Claimed By The Alpha, Marked By The Biker-Chapter 24: when Love hurts
Mordred’s Pov:
The tires screamed against the asphalt as I gunned the bike out of the hospital parking lot, the engine’s roar drowning out the echo of Kianna’s voice in my head.
"Stop acting like my guardian." " Stop messing with my friendships." These two words made me feel like shit.
She even called security on me and made him haul me out like some thug. And what even hurt the most, is her cold and defiant eyes as she hugged that snake Lysander.
After everything—after I’d begged her not to go, after I’d risked my neck a dozen times to keep her safe—she’d chosen him. Defended him and pushed me away.
Fury boiled in my veins, hot and thick, making my grip on the handlebars white-knuckled.
The city blurred past in streaks of neon and shadow, November wind whipping through my jacket like icy knives.
Home? Screw that. The empty house would just amplify the rage, the walls closing in with memories of her—wet from the shower, laughing in my bed and her body arching under mine.
No. That’s not what I need now, I need noise and distraction. Something to numb the betrayal gnawing at my chest.
I veered off the main drag, tires kicking up gravel as I headed for Jax’s place. He was one of my old crew from campus days, before the deals and before the shadows swallowed my life whole.
Always throwing these half-assed house parties on weekends, or whenever the hell he felt like it.
Tonight? Perfect timing. I could hear the bass thumping from two blocks away,lights spilling out the windows like the house was on fire from the inside.
I parked the bike crooked on the lawn, killed the engine, and stormed up the steps.
The door swung open before I could knock, It was Jax, red-eyed and grinning like an idiot with a beer in each hand.
"Mordred! Man, you look like shit. Get in here—shots are flowing!" He squealed.
I snatched one of the beers without a word and shoved past him into the chaos. The living room was packed: bodies grinding to some shitty EDM track, red Solo cups littering every surface and the air was thick with smoke and sweat.
Laughter exploded from a group playing beer pong in the corner and a couple making out against the wall like the world was ending.
I waded through it all, beelining for the kitchen where the hard stuff waited. Jax trailed me, slapping my back. "What’s eating you, bro? Girl trouble? That Kianna chick everyone’s whispering about?"
"Shut up," I growled, grabbing a bottle of whiskey from the counter and pouring a generous slug into a cup.
The burn hit my throat like fire, but it didn’t touch the storm inside.

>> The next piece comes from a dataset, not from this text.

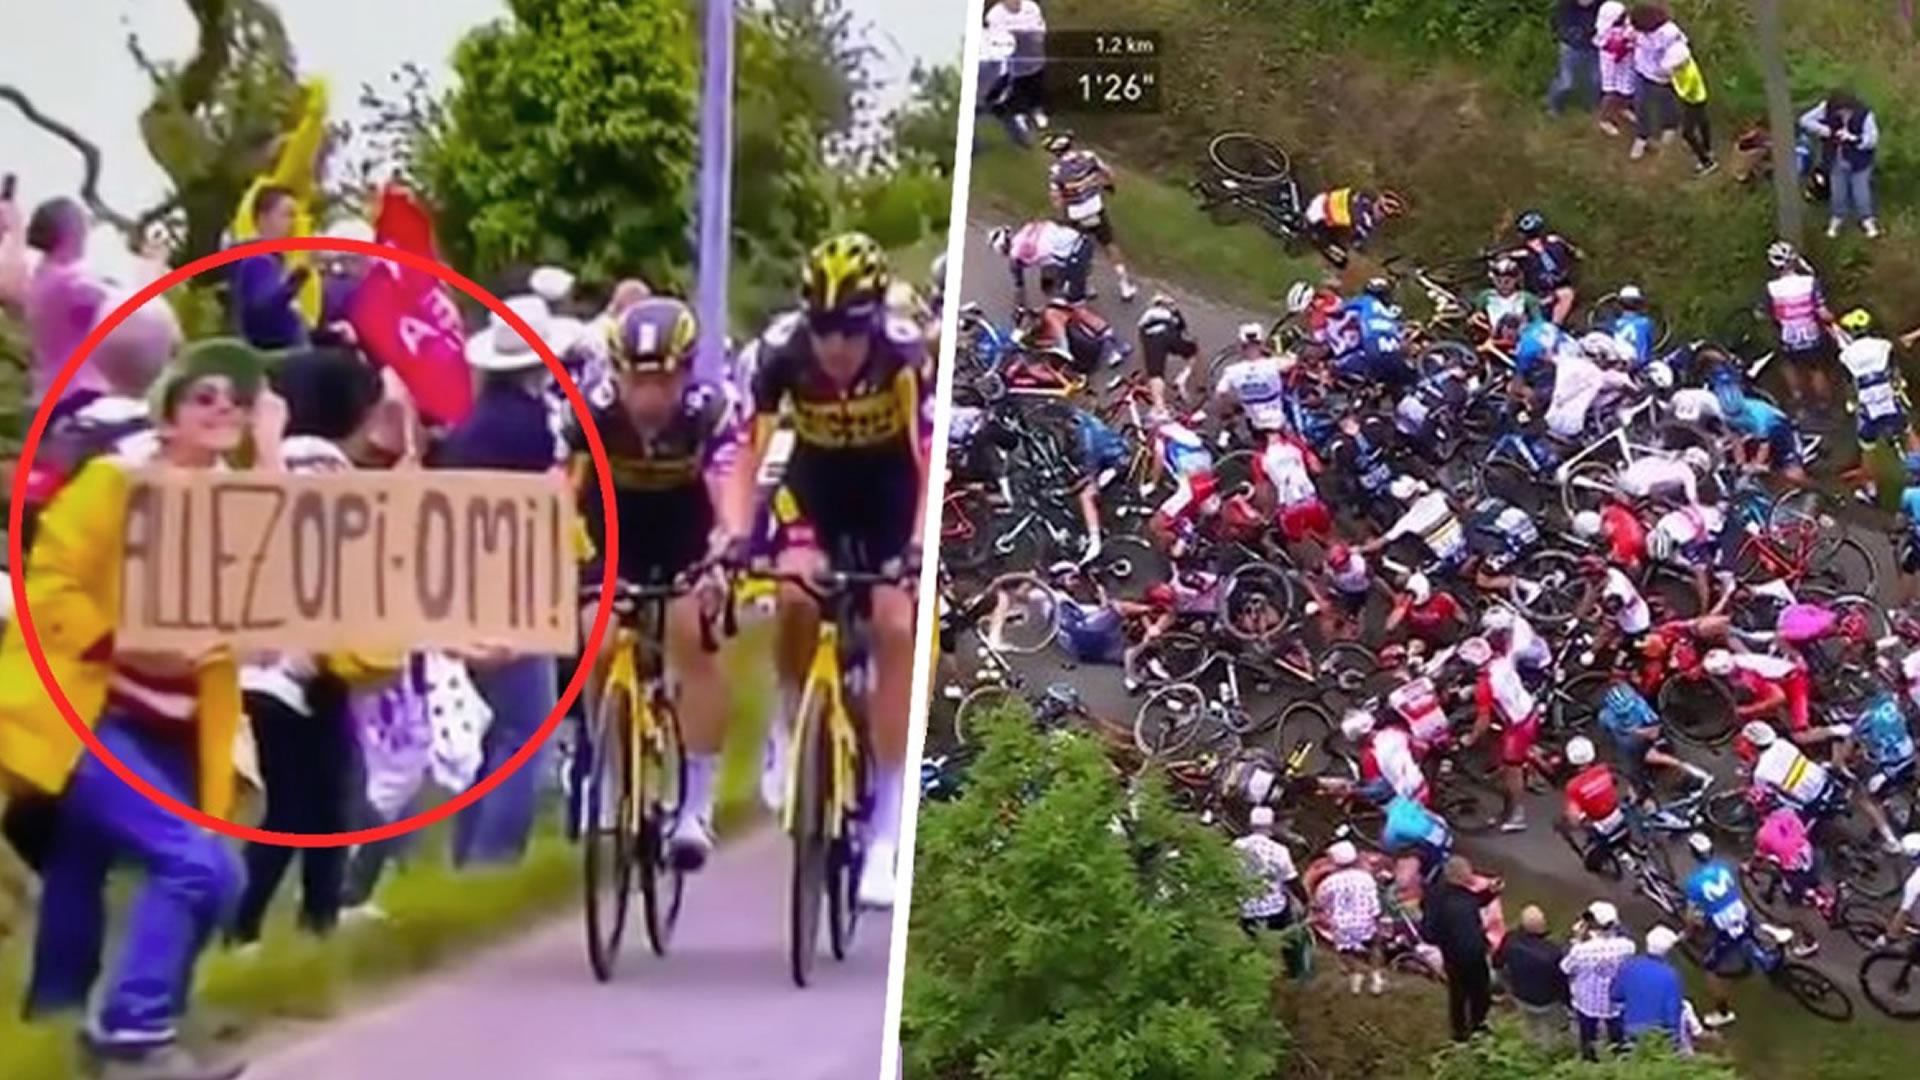 VIDEO: Un aficionado provoca terrible caída masiva en el Tour de Francia

I downed another, leaning against the fridge as the room spun a little.
Then Kianna’s face flashed—tears on her cheeks as she hugged Lysander, her voice sharp when she told me to leave. She’s mad at herself for not trusting him?Bullshit. I’d warned her, Lysander was rotten and Trent’s lies at the station proved it.
And now a sniper? Convenient as hell that he "took the bullet" for her. The hero acts to win her over. I poured a third shot, the whiskey settling heavy in my gut.
Half-drunk already? Close enough. The edges of my vision softened, but the anger didn’t.
It festered, twisting into something darker. How long had I been playing protector? Since the mansion incident, pulling her out of that firestorm, patching her up and letting her in.
And for what? To get security called on me like I was the threat?
"Mordred, you good?" Some girl I vaguely recognized from Jax’s circle sidled up, her hand on my arm.
She’s Blonde, wearing a short skirt with her eyes glassy from whatever she was on. "You look like you need to dance it off." She added, trying to drag me into the chaos.
But I shrugged her off. "Not tonight." She pouted and vanished into the crowd.
I wandered to the back porch, the cool night air a slap after the stuffy house. A few smokers huddled around a fire pit, passing a joint.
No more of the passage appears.